The more closely we look around us, the more we get nearer to reality where so many individuals work with a certain grit, commitment and dedication to achieve what their hearts desire.

These individuals are the ones that not only work to attain their set goals in their career but also help others in their journeys. Talking about the sales and consulting business, which is growing each passing day across nations as professionals from various industries aim to get nearer their visions and aspirations in business, we can notice the boom in this niche; thanks to professional entrepreneurs like Dustin Aab.

Based out of California, Dustin Aab is a leading American entrepreneur, who excels in sales and consulting and has been shaping the careers of hundreds of people through his astute skills and knowledge as a true professional in the industry. It was seven years ago that Dustin Aab had started his career in the sales arena and from the past six years owns his sales company, under which he is working with the mission to turn the desires and dreams of professionals into reality through his mentorship and coaching in sales.

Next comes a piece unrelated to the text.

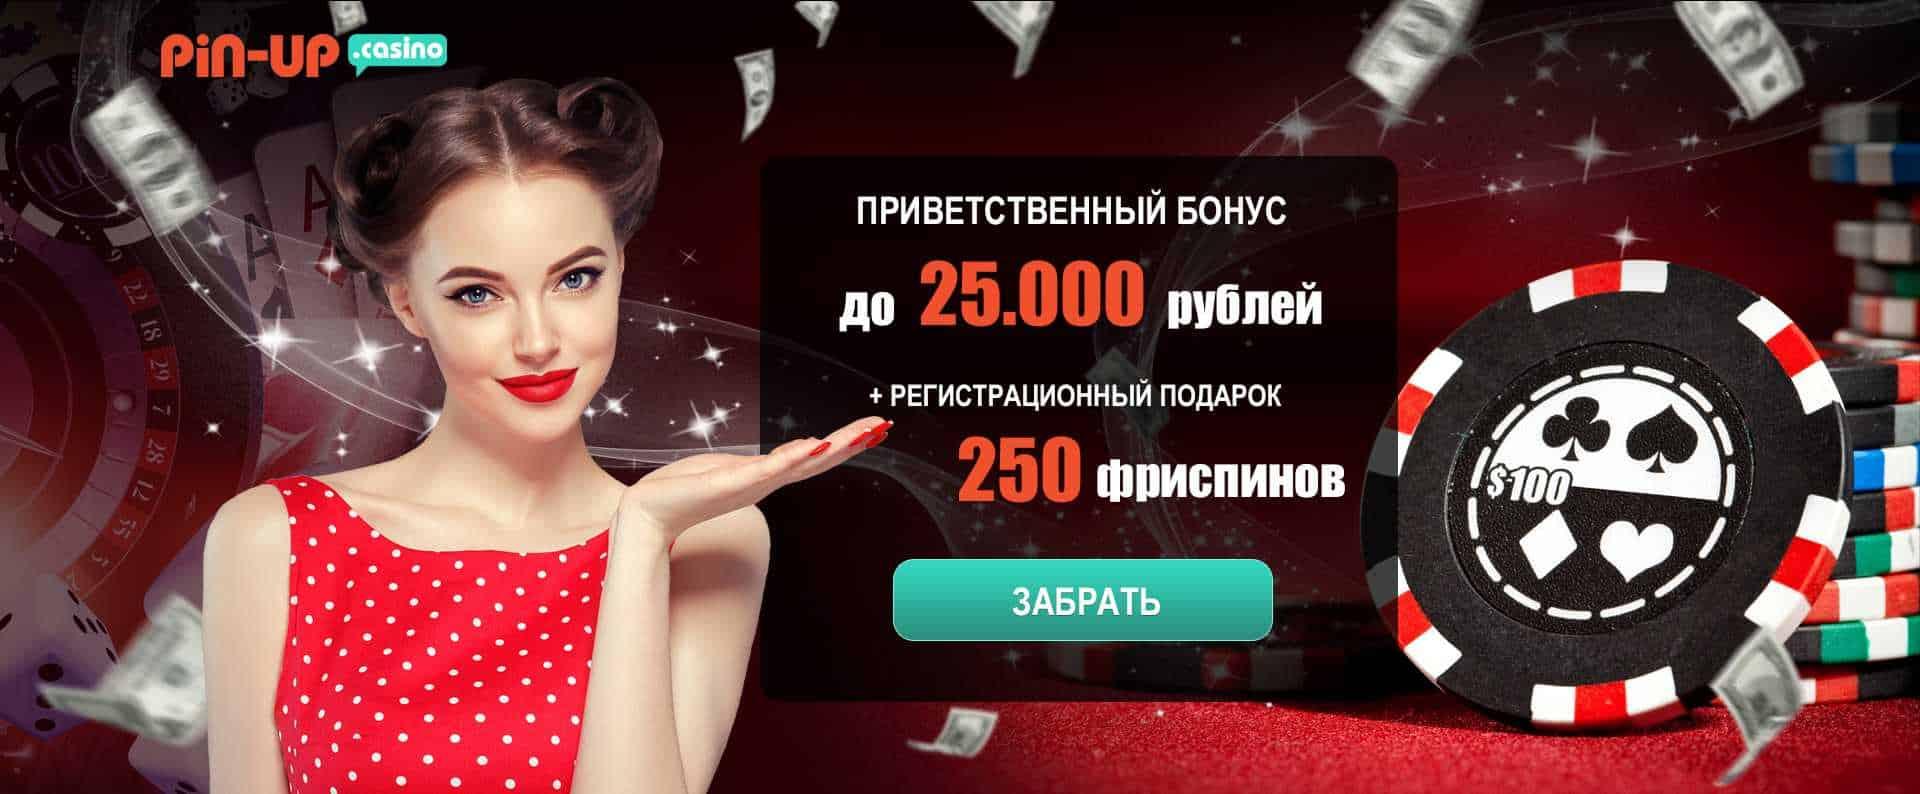 Пин Ап Казино ᐈ Играть На Официальном Сайте Pin Up Casino
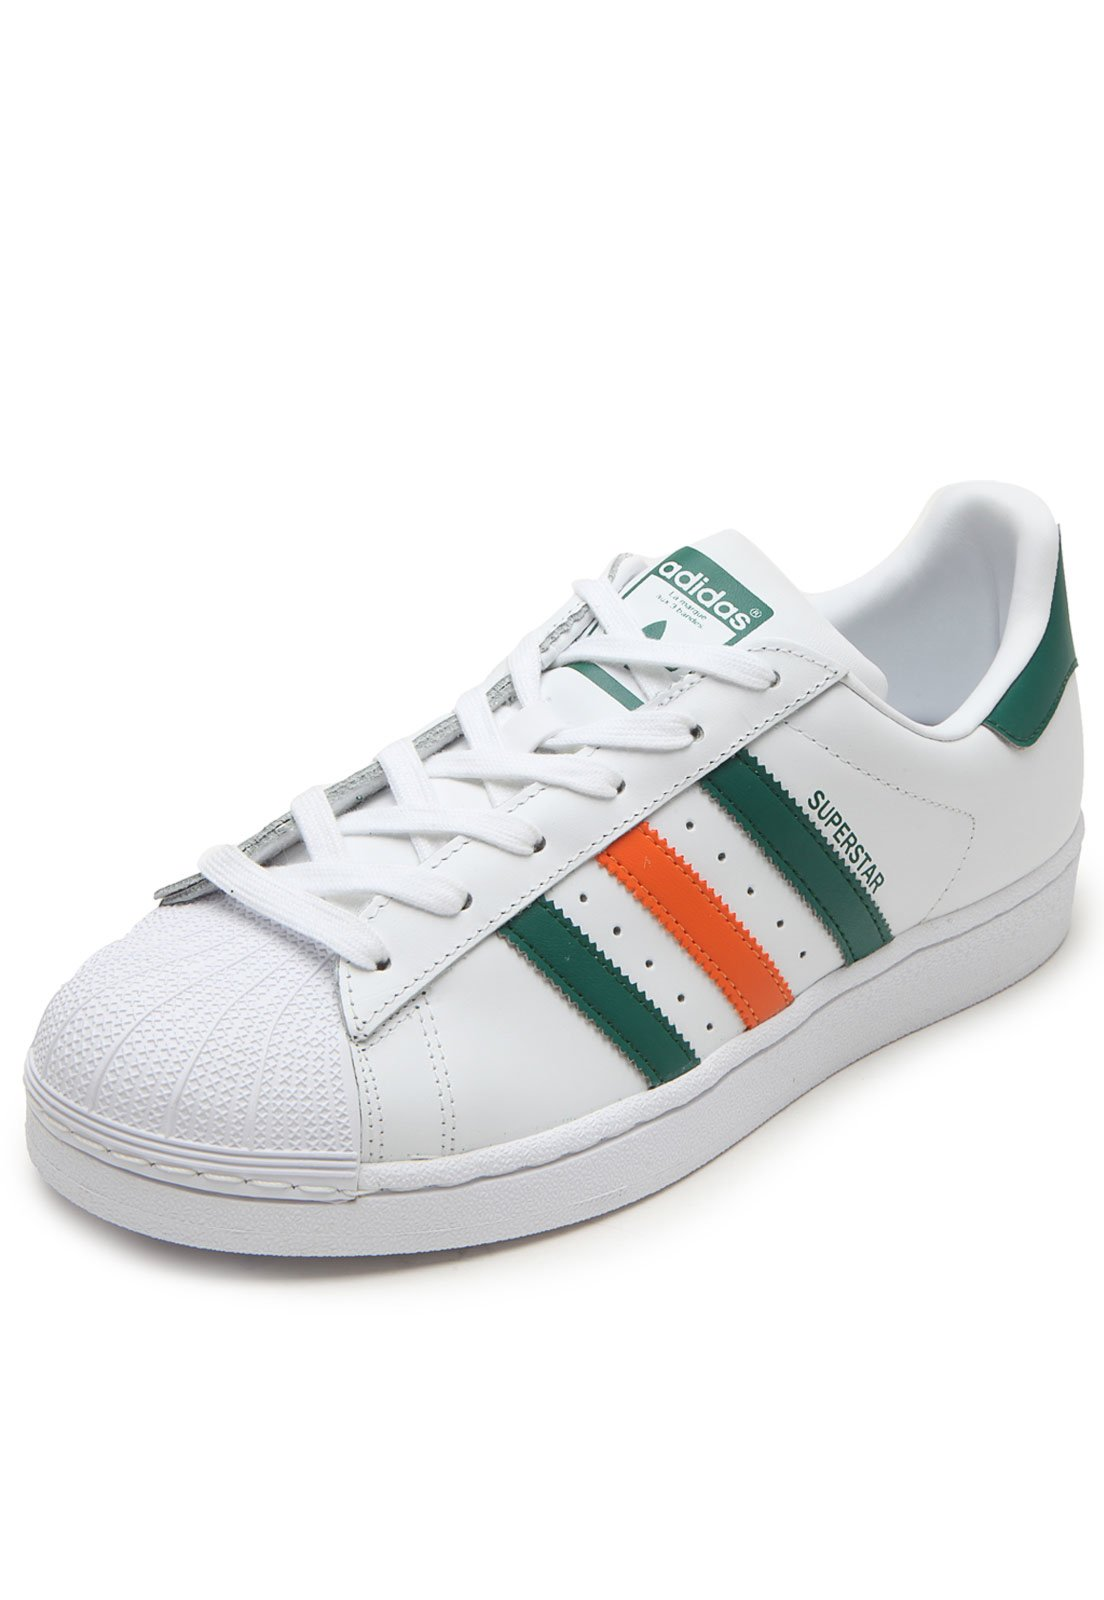 separation shoes 0fcdb 5d28f Tênis adidas Originals Superstar Foundation Branco - Compre Agora   Kanui  Brasil

Dustin Aab’s sales and consulting business is all about providing the best of the industry products and services that help individuals change their financial status and situation. His life has been full of challenges, but Dustin Aab very early had realized the power of working hard and putting in every possible effort to make a successful career; hence, after working so hard for years, he has been able to create the financial freedom he wanted by becoming an entrepreneur. He hopes to change as many lives as he can in his career and take people nearer to their definition of success. He does sales mentorship and consulting for not just individuals, but companies as well.